Every year the same thing, a different clerk with the same questions. Ordinarily I endured the interminable excuses but this year’s pilgrimage had been particularly unpleasant. The car had coughed, sputtered and threatened to die at every rest stop; the clouds had been bloated and full of rain.

Rainy days were always the hardest.

So, I nipped the discussion in the bud. With an offhand gesture I tossed a wad of bills on the counter and spoke again, “Room 732 please.”

“You don’t- ”

“Give me room 732 for the night, and you can keep the change.”

The expression on the desk clerk’s face was almost comical, he swept the bills out of sight and slipped me the key. Turning away from the counter I headed down the familiar maze of hallways. The desk clerk’s unspoken questions burned at my back, Why that room? Haven’t you heard the stories? Aren’t you afraid?

I made sure I was out of sight before he decided to ask any of them.

When I had first come here-

No, not I. We.

When we had first come here, this was a four star establishment, with brightly lit hallways, working elevators, even room service. The elevator had stopped working three years ago, and when the bulbs in the hallways burnt out no one bothered to replace them. I pushed the door to the stairwell open; figures crouched in the murk, grunting half-heartedly. Bypassing them I headed up the stairs, debris crunching underfoot.

I was out of breath by the time I reached the seventh floor, no surprise there really. I’m not a young man anymore. Sometimes I wondered to myself why the hotel had fallen out of favor so quickly. It couldn’t just be the fact that someone had died here, after all, people died in their hotel rooms all the time. Maybe it was the way she died, maybe the horror of her final moments was so profound that it permeated every floor and hallway. Maybe the slumbering business travelers and vacationing families would wake at exactly 1:49 AM, their hearts beating wildly and their sheets drenched with sweat. Maybe it was nothing more than new, more conveniently located-off ramp that cut this whole section of the city out of the tourist trade.

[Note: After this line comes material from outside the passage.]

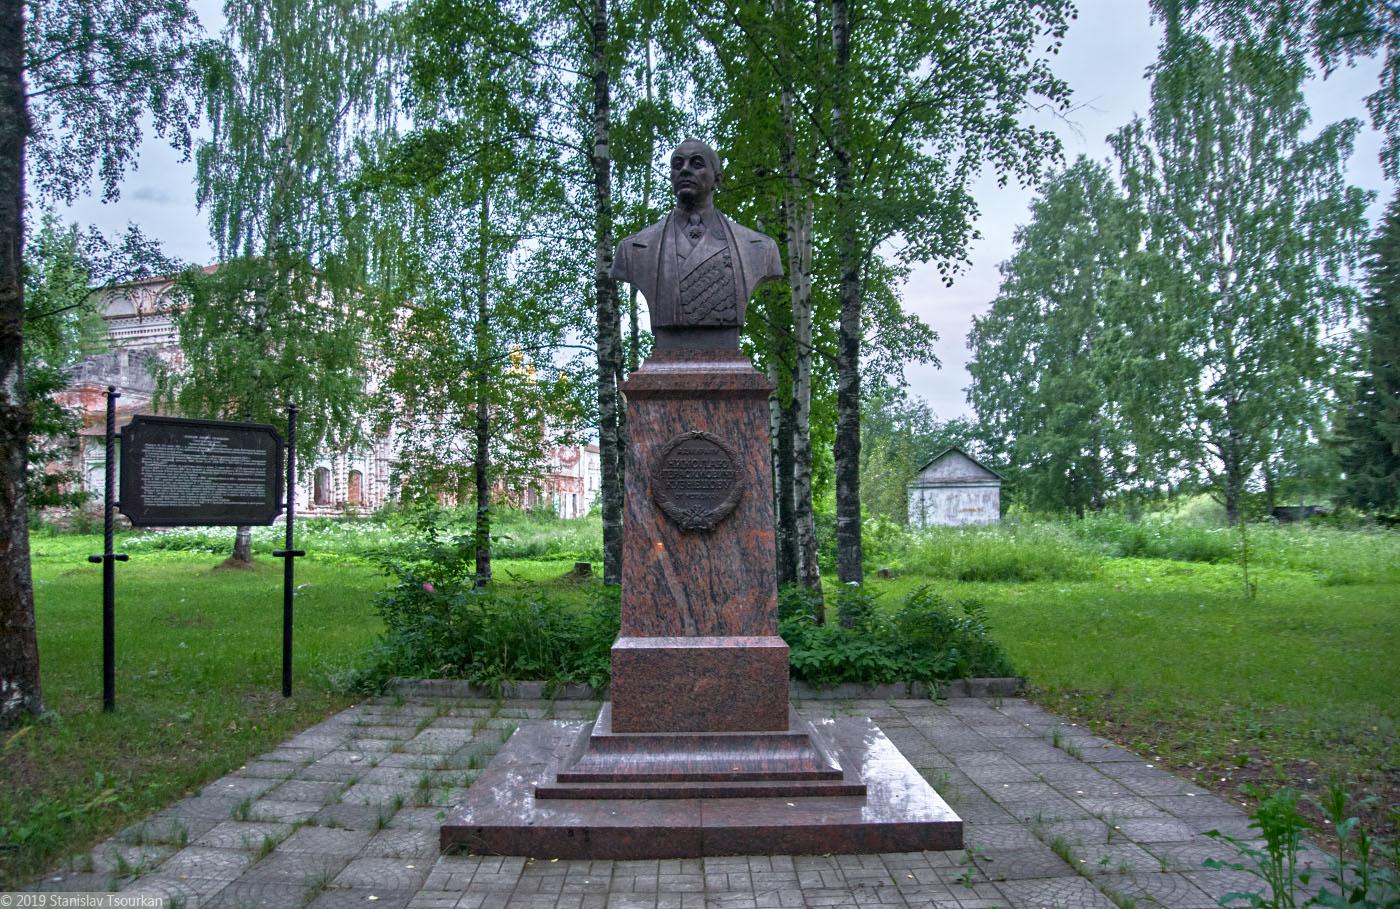 Вологодская область, Вологодчина, Великий устюг, Русский север, адмирал Кузнецов

The sound of the seventh floor stairwell opening was high and shrill like a woman’s scream. Frowning, I trudged down the hallway, listening to the pat-pat-patter of the leaky ceiling. I found the familiar suite and slipped the key into the lock. The door resisted for a heartbeat then swung open. For a moment I stood there staring into the shadowed, empty room, torn between the instinct to run and the vows I had made. This, like the bickering with the desk clerk, is a ritual for me.

The lights stayed off, I knew the geography here all too well. Closing the door behind me, I crossed the room and sat on the musty bed. It was funny in a way, after almost a decade I still trembled at this moment. For a time I stared into the gloom, watching the darkness churn, then I closed my eyes and replayed visions of broken locks, police tape and dried blood over and over in my mind.

A shudder worked its way up my spine. I could almost imagine her kneeling on the bed behind me, her slender arms wrapping around my back.

“I miss you.” My voice was reverent, uncertain, of all the rituals I observed on this terrible anniversary this was the most important, “I wish I had come back sooner. I wish I had been here. I wish-.”

From out of the darkness her voice is at my ear, “I know.”